Jonah: One way to look at what cities have enabled us to do is basically live like 300 million blue whales in America.
Robert: Are you sure that cities are causing this development, that it begins and ends with cities?
Jad: I can't assign it all to cities, but that psychology of wanting more, that's a city psychology. That's why people come to cities. Then the lifestyle that grows up around that gets broadcast out on TV, and radios, and movies, which are city industries, out to the country. If you just take a historical look at this, the last 300 years have seen more and more consumption. That trend, says Jonah-
Jonah: -it's grown in neat parallel with the growth of cities. Cities have enabled that kind of growth.
Robert: Even if you guys are right, and we know that half the planet already is living in cities--
Jad: 80% of America.
Robert: Yes, there are more people.

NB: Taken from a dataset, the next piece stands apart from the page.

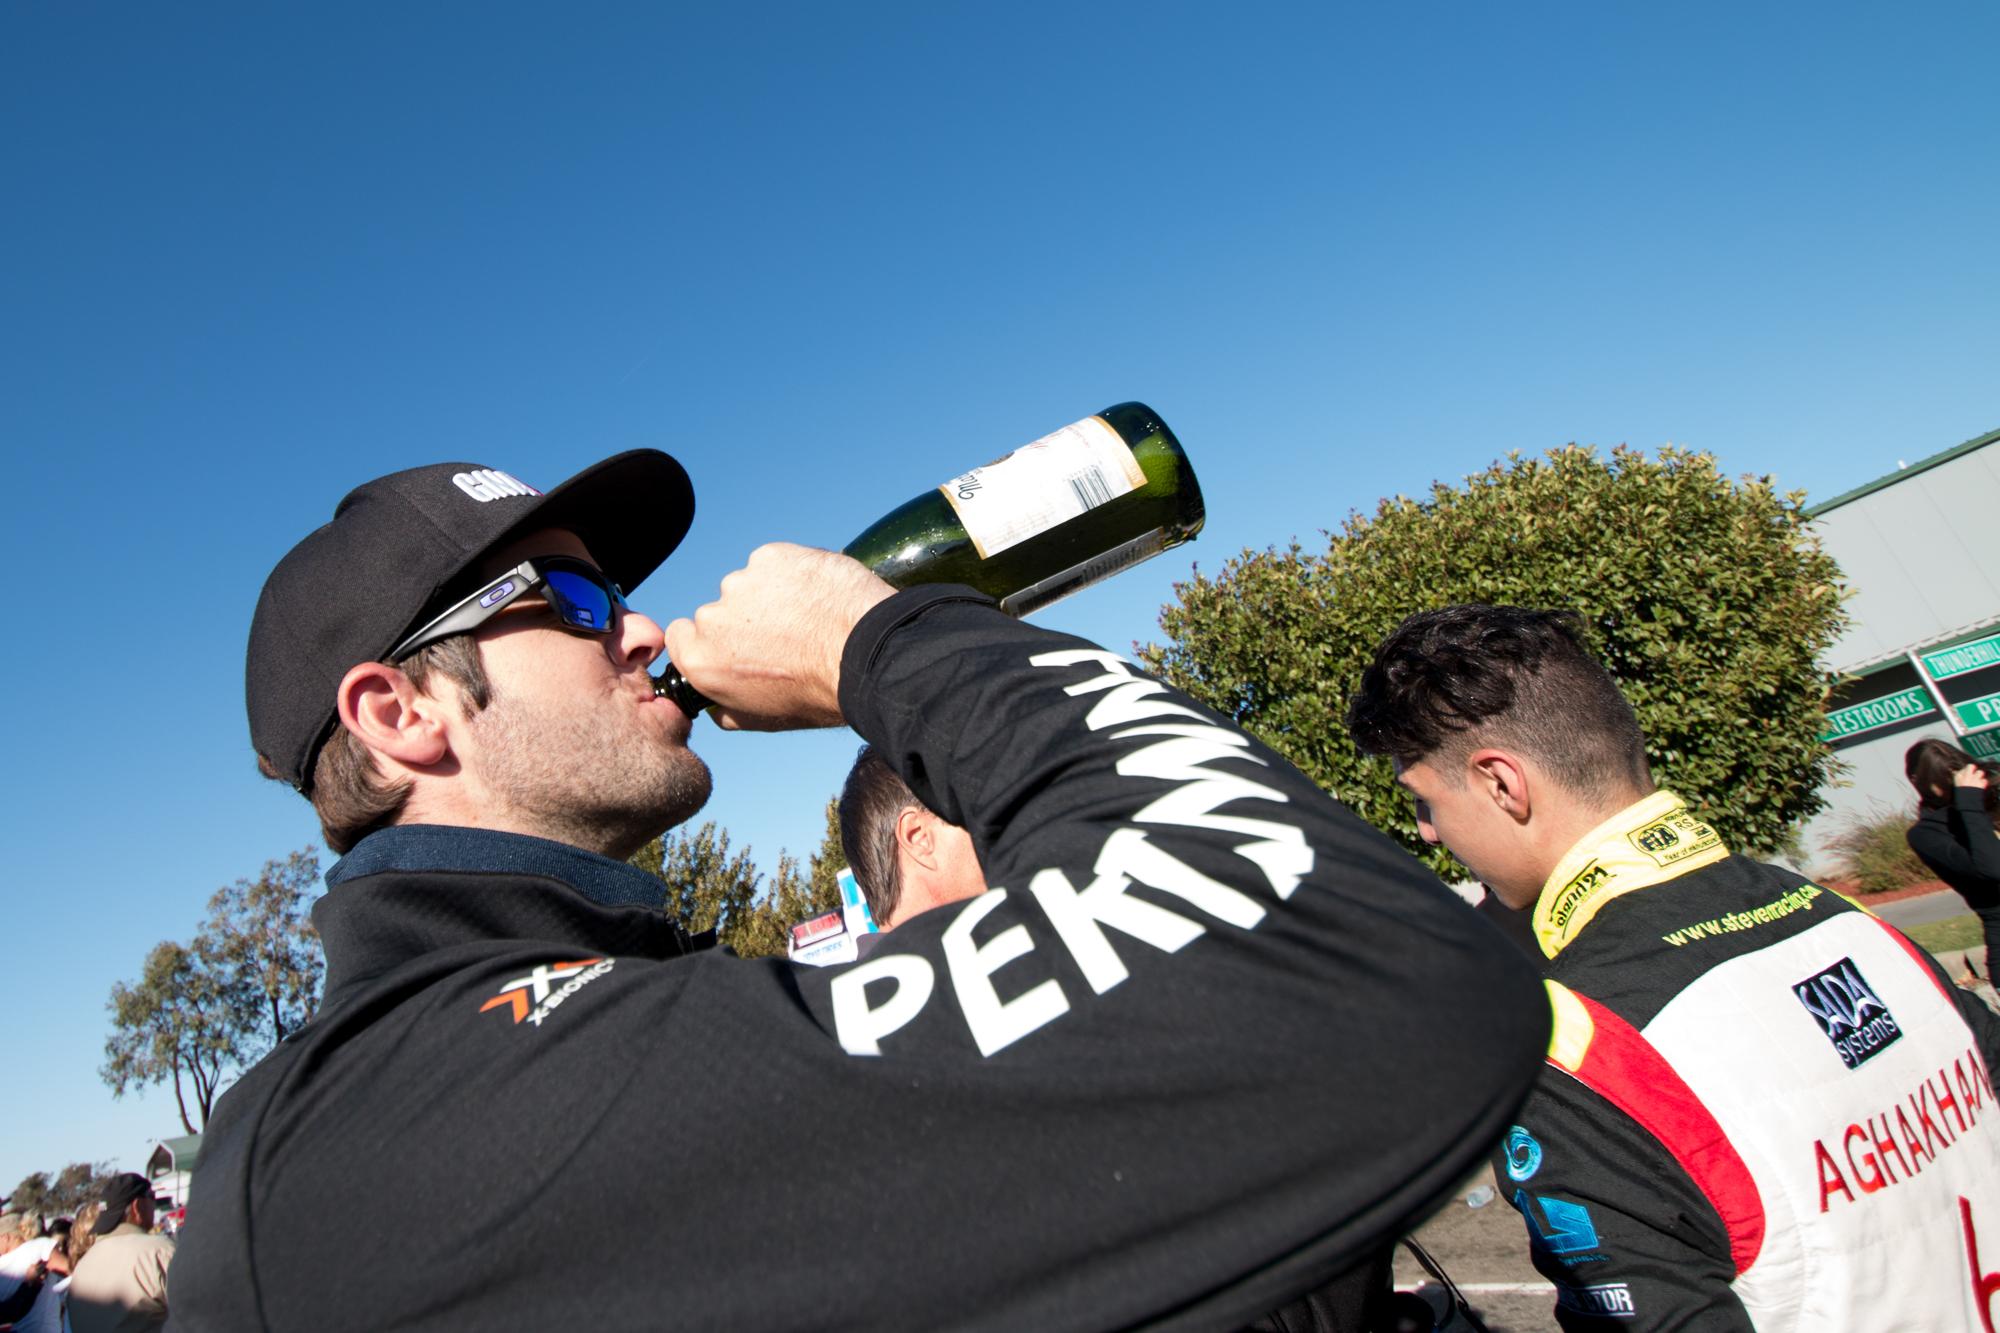 Steven-Racing-20130208-45962.jpg
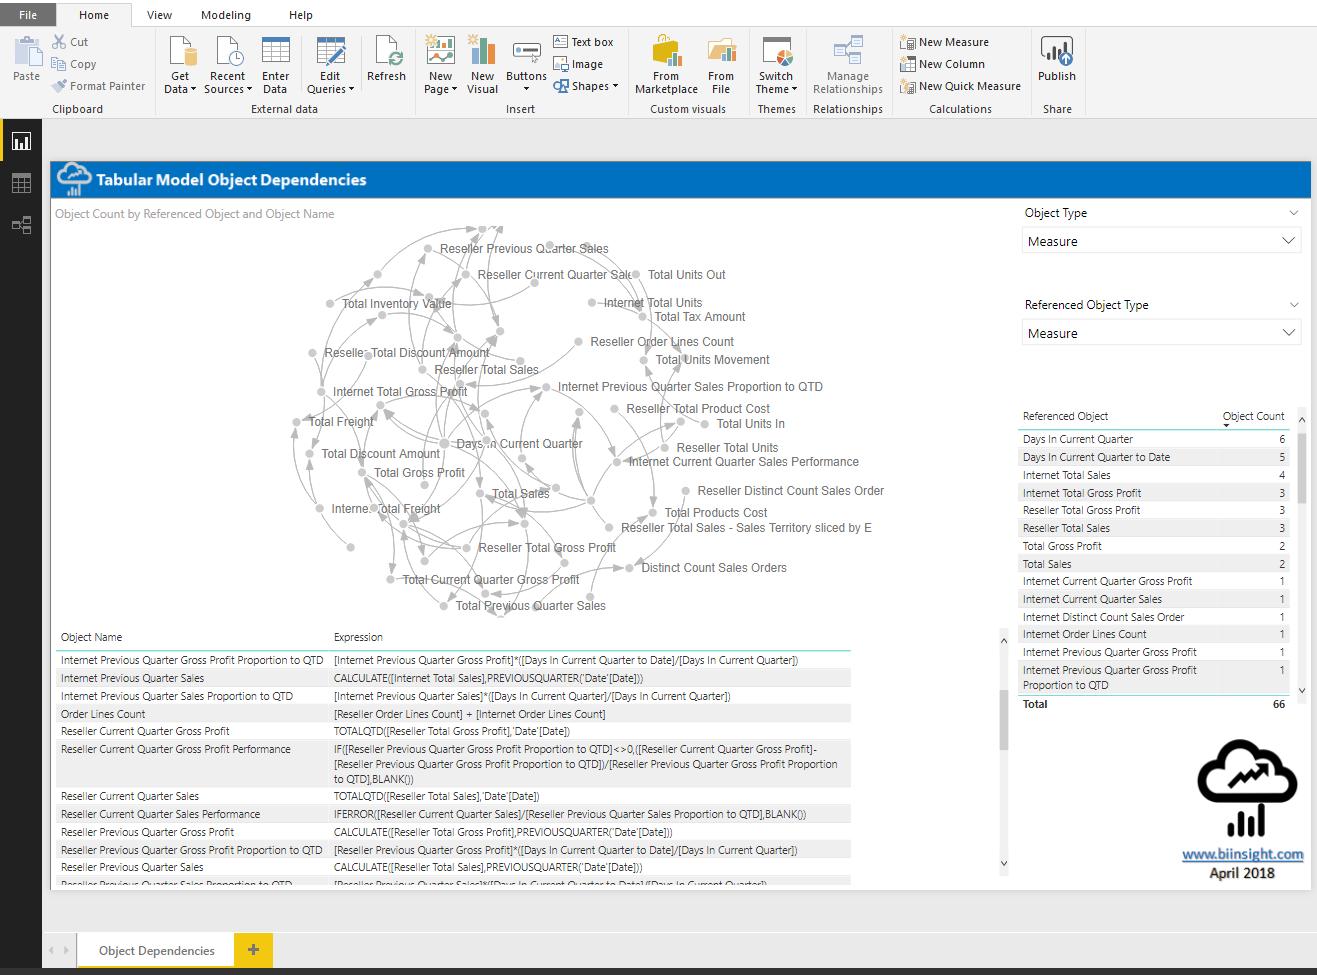 DAX Measure Dependencies in SSAS Tabular and Power BI

I'll agree with that.
Jad: More choices, more consumption, more energy, more, more, more, more, more.
Robert: Even if that's so, cities, because they also are ingenious, and they come up with all these new ideas, maybe cities will solve the problem. Right now, Jad, someone somewhere in Calcutta is about to invent the super light bulb elevated telephone pipe that will make it possible for another 200 petullion people to live together in peace, harmony, and beauty until the next drought.
Jad: You go ahead and cling to that optimism.
Robert: You, of course, can go hang yourself in the corner. We'll be right back.
Robert: I'm Robert Krulwich. That's Jad. This is Radiolab.